So says Kimberly Wiefling in one of my favorite project management books Scrappy Project Management: The 12 Predictable and Avoidable Pitfalls Every Project Faces (Scrappy About™, 2007, pg 54). I use this piece of wisdom in all stages of my data quality and governance work. It inspired my “Just Enough” Principle:

“Just Enough” Principle: Spend “just enough” time and effort to optimize results! –Danette McGilvray

What do I mean by “Just enough”? “Just enough” is about spending the optimal amount of time and effort to get the results you need. It is about gathering enough information, making decisions based on what you know at the time and moving on. If circumstances change or new knowledge comes to light, you make adjustments from there. “Just enough” is not about being sloppy or cutting corners. In fact, you need to have rigorous thinking to determine what is “just enough.”   Sometimes “just enough” takes 2 minutes, 2 hours, 2 days or 2 weeks. With any project, your challenge is determining the right activities and the right level of detail for any given assignment. What is “just enough” will vary from task to task and from phase to phase in the project.

For example, it is important to choose the right level of detail for your planning and communications. Let’s say that your project is to get from London to Paris. If you are speaking to an audience that is not familiar with either of those cities, you may need to put your project goal into context by giving them the “World View” – where London and Paris are in relation to the rest of the world (Figure 1). As with our data quality projects, we need to ensure that everyone has the context for the project and understands the overall goals.

worlview

Figure 1 – World View

Maybe your audience already knows about the UK, France, and their major cities. In this case it might be useful to provide a quick context of the countries and then focus on the main route between the two cities using the Country View (Figure 2). At this level, you can have a discussion of the project approach. Will you travel by air, bus, train, ferry, car or some combination?

Figure 2 - Country View

Figure 2 – Country View

Knowing the modes of transportation for the project is all well and good. But will that help the team members who are responsible for driving into France and getting to a specific address? No! More detail is needed to navigate the roads. Therefore, at this phase of the project “just enough” means the Street View is necessary (Figure 3).

Figure 3 - Street View

Figure 3 – Street View

In our work as data professionals, as in the example above, it is necessary to vary the detail based on the situation – accounting for different audiences, different phases of the project, and different tasks.

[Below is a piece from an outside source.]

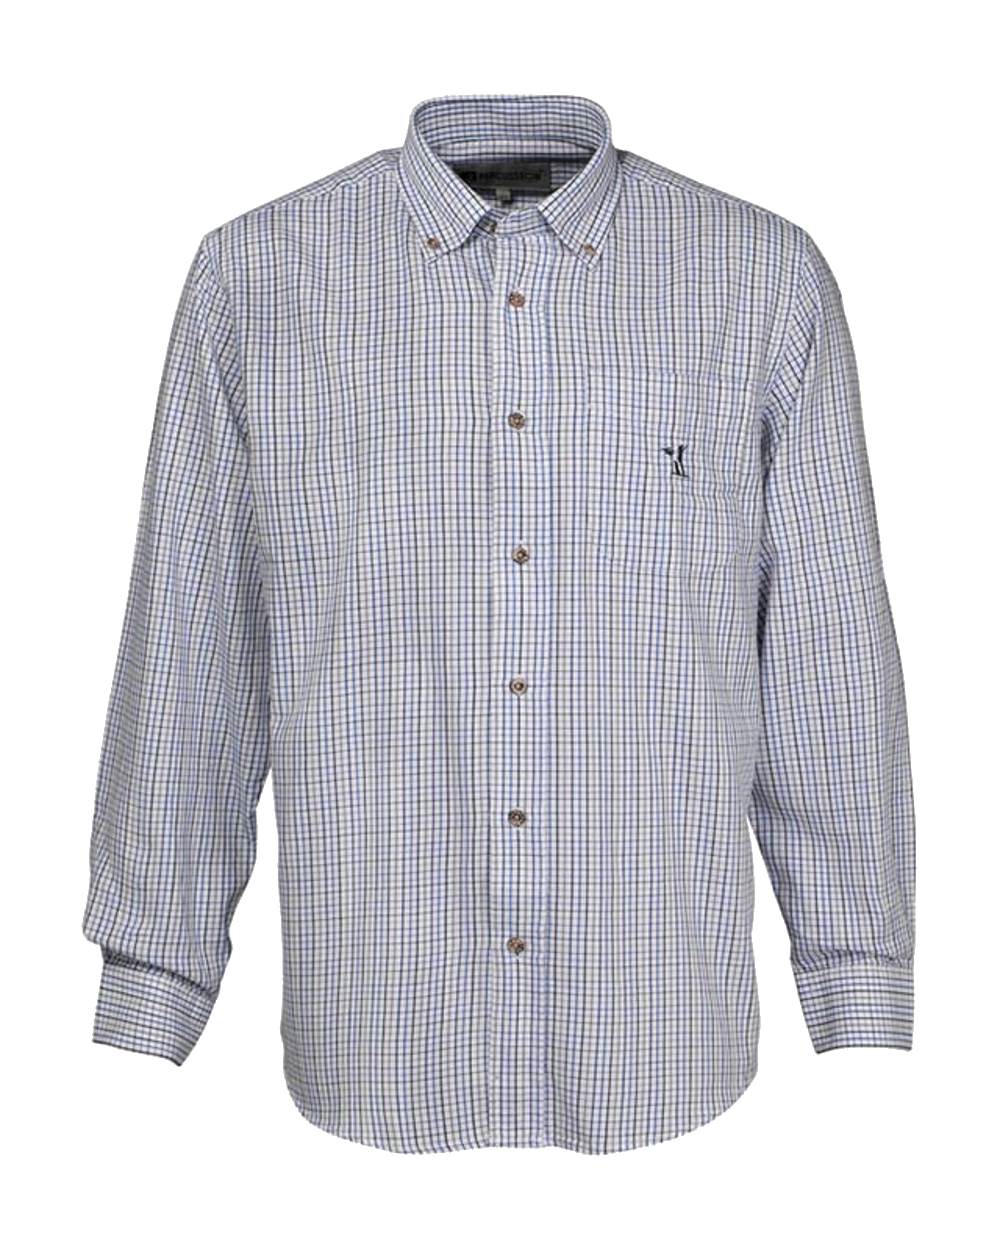 Percussion Small Check Shirt in Blue 
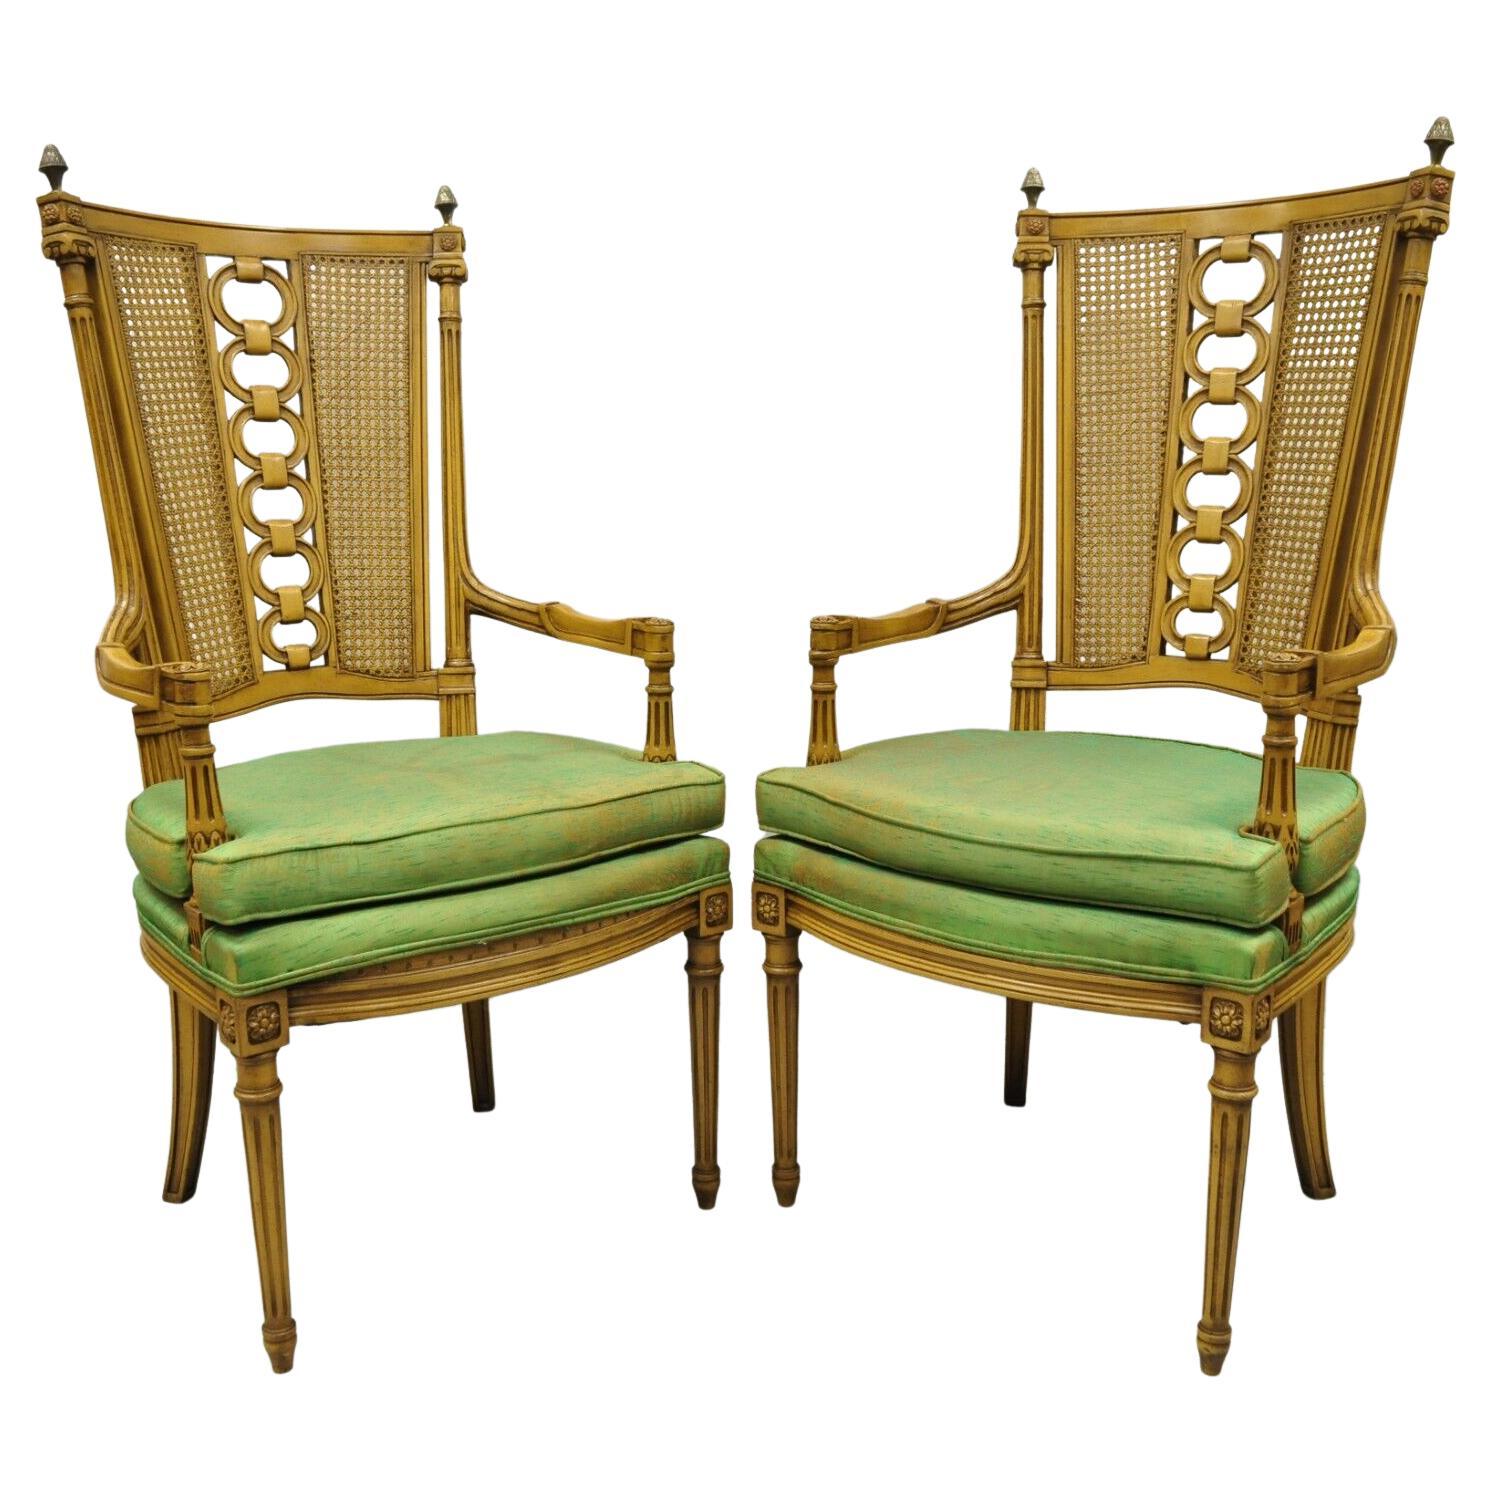 Vintage French Hollywood Regency Tall Cane Back Carved Link Chairs, a Pair For Sale

Why am I pressing this point? It is sometimes easy to slip into the notion that no amount of detail is too much detail. Early in my career, I worked for a well-known global company that was respected for the quality of its products. It was the careful, analytical nature of many of the employees that helped build the business and its sterling reputation. At some point we were beginning to lag behind. It wasn’t that we couldn’t create great products, but the world was moving faster. We were used to analyzing and wanting 100% of the information before choosing between options. We now had to make decisions faster and with less input than before. It was uncomfortable. Add the nature of a detailed data person to that analytical company culture and you can see how those responsible for data got a reputation for holding things up. Having been in that position before, I can recognize it in others within our field of data management. We have to learn that “just enough” sometimes means “not everything.”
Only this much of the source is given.